The subsequent sequence rivals its predecessor, where Plummer, thoroughly defeated, packs his bags to leave the manor.  Plummer gives this wonderful speech about failure while Don Alvise follows behind him, shaming him by yelling at the top of his lungs.  (Pleasance gives a bizarre, emotional performance.  His character has almost no narrative weight in the final film.  This anomaly quality of his character just heightens the disjointed nature of the film.)  Plummer crosses a pedestrian bridge across one of the canals and a gulf of fog overtakes him.  When the fog clears, his character is gone, while his suitcase floats in the canal below.  Unbelievable.

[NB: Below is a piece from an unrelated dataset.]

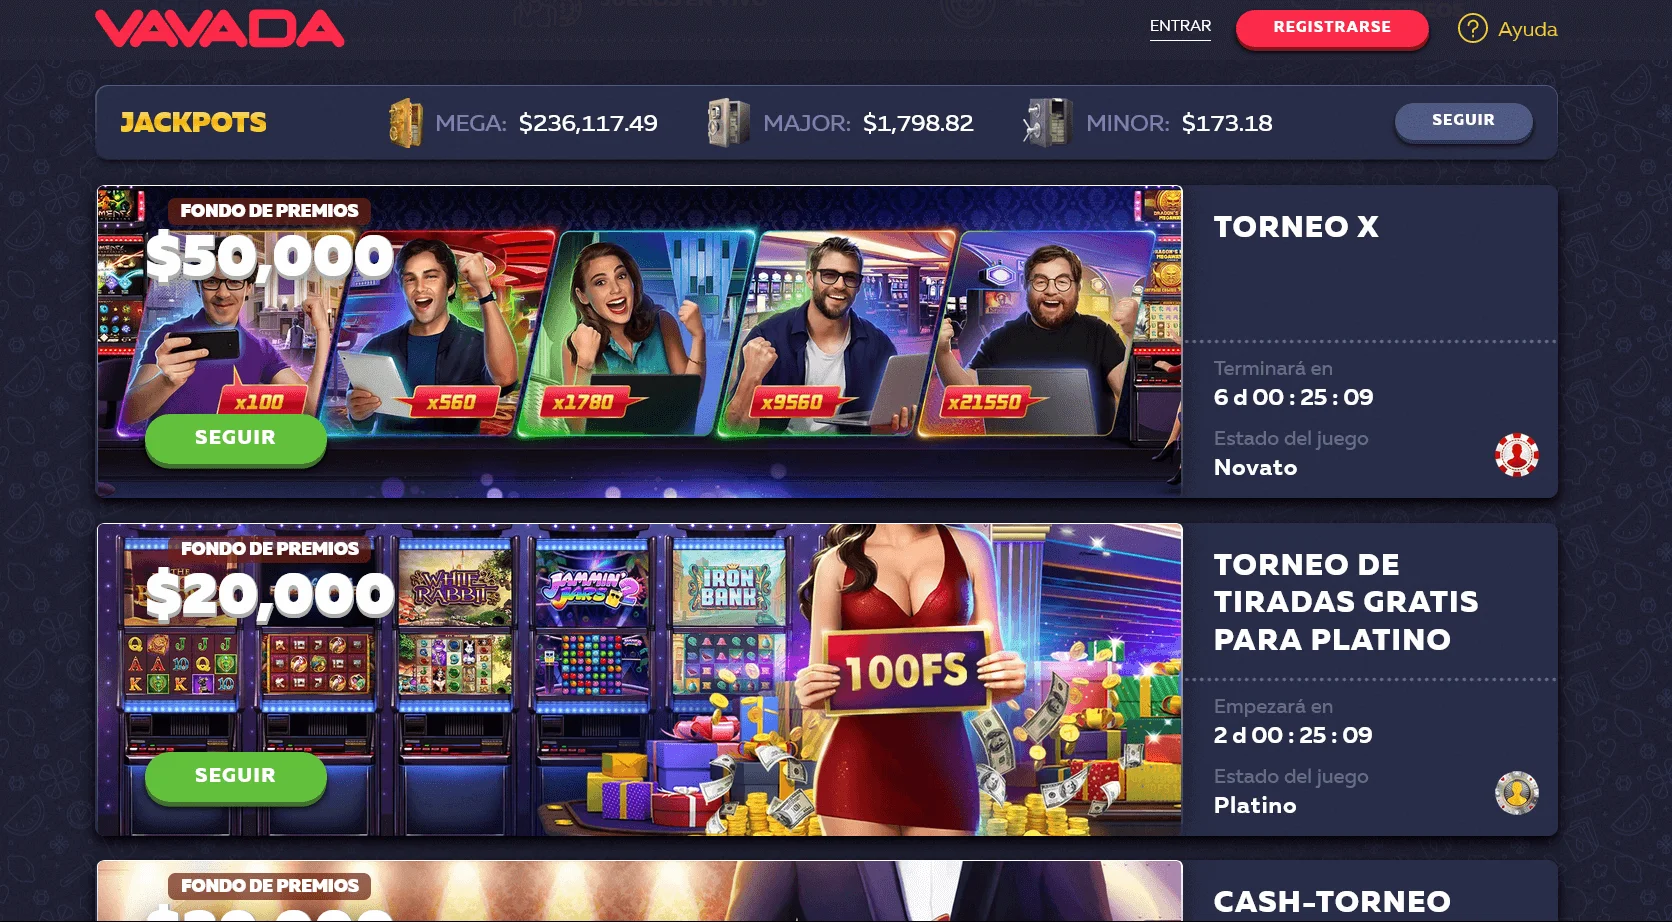 Bono de bienvenida y promociones para jugadores en VAVADA Casino, su tamaño

Anyone who has had the pleasure of reading Klaus Kinski’s autobiography, Kinski Uncut, is well aware that Kinski quite enjoyed fucking or at the minimum, quite enjoyed writing about fucking in descriptive detail.  Unfortunately, I could decipher little in its text about Nosferatu a Venezia, but the final act of the film seems as if it could have come from pages from his autobiography.  Describing the final act, here, would be a disservice, but I hope that I have hinted towards its content sufficiently.  The final act is ridiculous, over-the-top, and much like the final film, totally incompetent or artistically brilliant.

Nosferatu a Venezia has a DVD release from Germany, available here.  It is well worth seeing, if you are a serious fan of the antiquities and curios of European cult cinema.